Heuristic algorithms based on deep reinforcement learning for quadratic unconstrained binary optimization

摘要

The unconstrained binary quadratic programming (UBQP) problem is a difficult combinatorial optimization problem that has been intensively studied in the past decades. Due to its NP-hardness, many heuristic algorithms have been developed for the solution of the UBQP. These algorithms are usually problem-tailored, which lack generality and scalability. To address these issues, a heuristic algorithm based on deep reinforcement learning (DRLH) is proposed in this paper. It features in inputting specific features and using a neural network model called NN to guild the selection of variable at each solution construction step. Also, to improve the algorithm speed and efficiency, two algorithm variants named simplified DRLH (DRLS) and DRLS with hill climbing (DRLS-HC) are developed as well. These three algorithms are examined through extensive experiments in comparison with famous heuristic algorithms from the literature. Experimental results show that the DRLH, DRLS, and DRLS-HC outperform their competitors in terms of both solution quality and computational efficiency. Precisely, the DRLH achieves the best-quality results, while DRLS offers a high-quality solution in a very short time.
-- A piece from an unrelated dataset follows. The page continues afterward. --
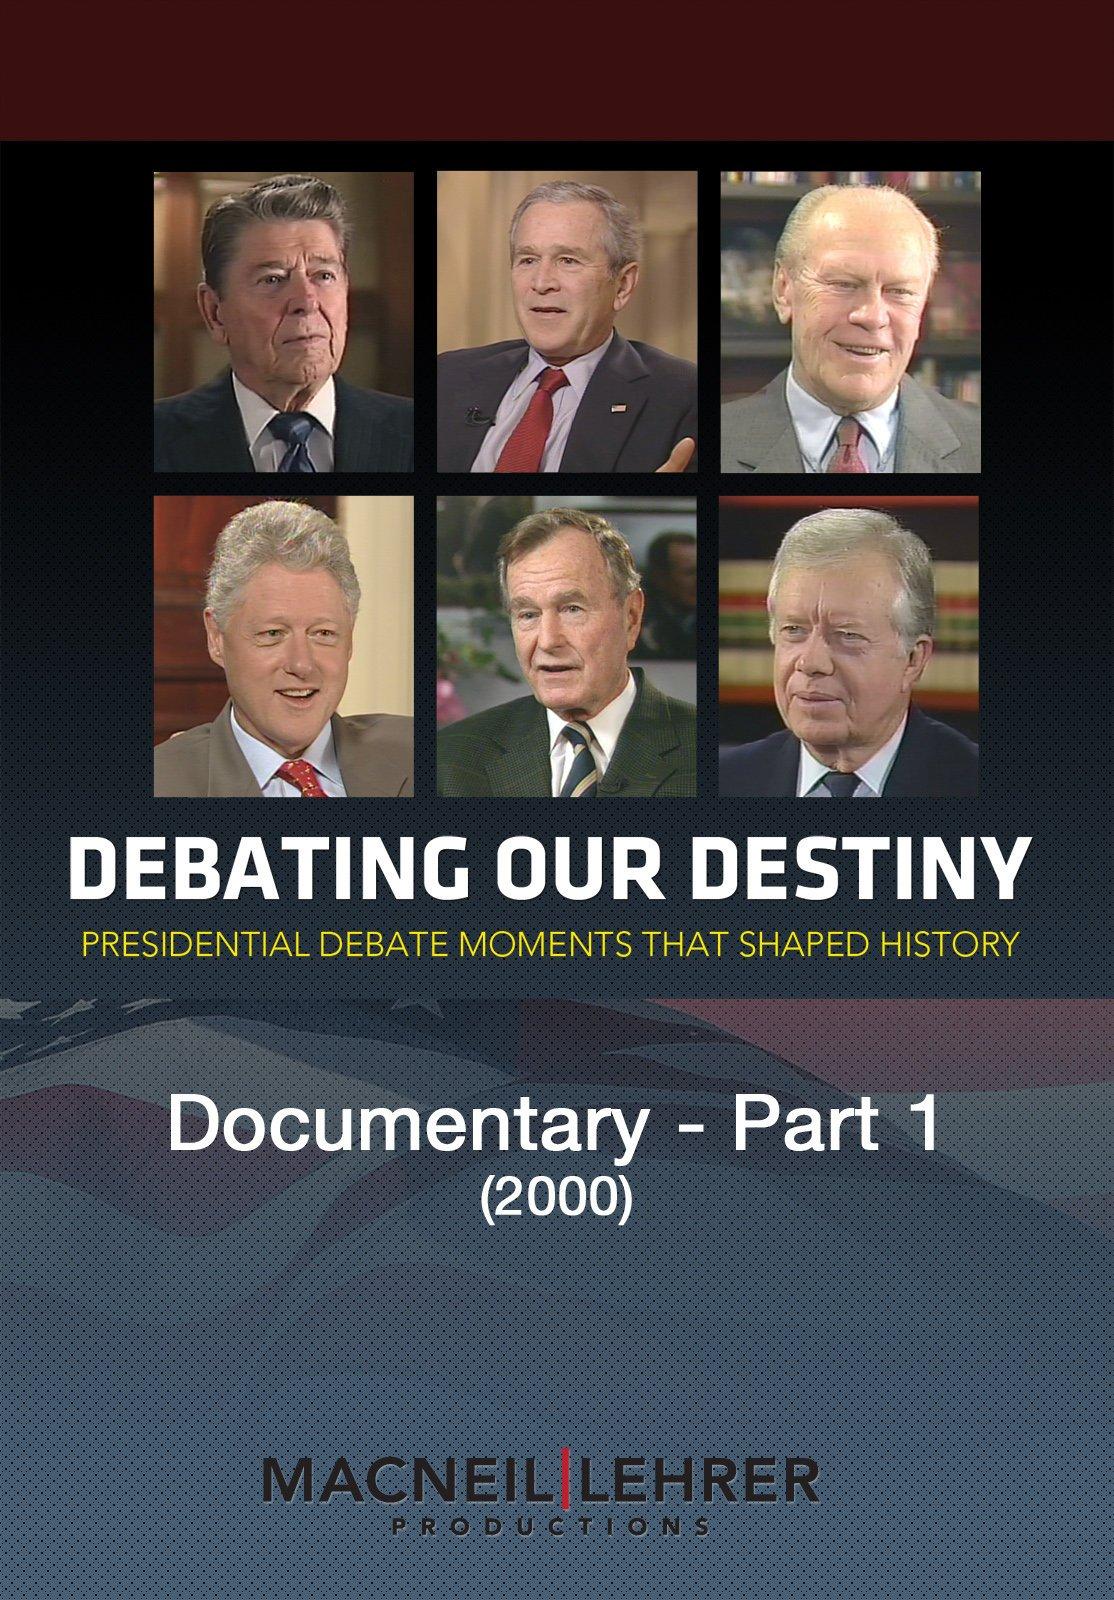 Amazon.com: Debating our Destiny documentary - Part 1: MacNeil/Lehrer Productions: Amazon Digital Services LLC

By adding a hill-climbing procedure to DRLS, the resulting DRLS-HC algorithm is able to obtain almost the same quality result as DRLH with however 5 times less computing time on average. We conducted additional experiments on large-scale instances and various data distributions to verify the generality and scalability of the proposed algorithms, and the results on benchmark instances indicate the ability of the algorithms to be applied to practical problems.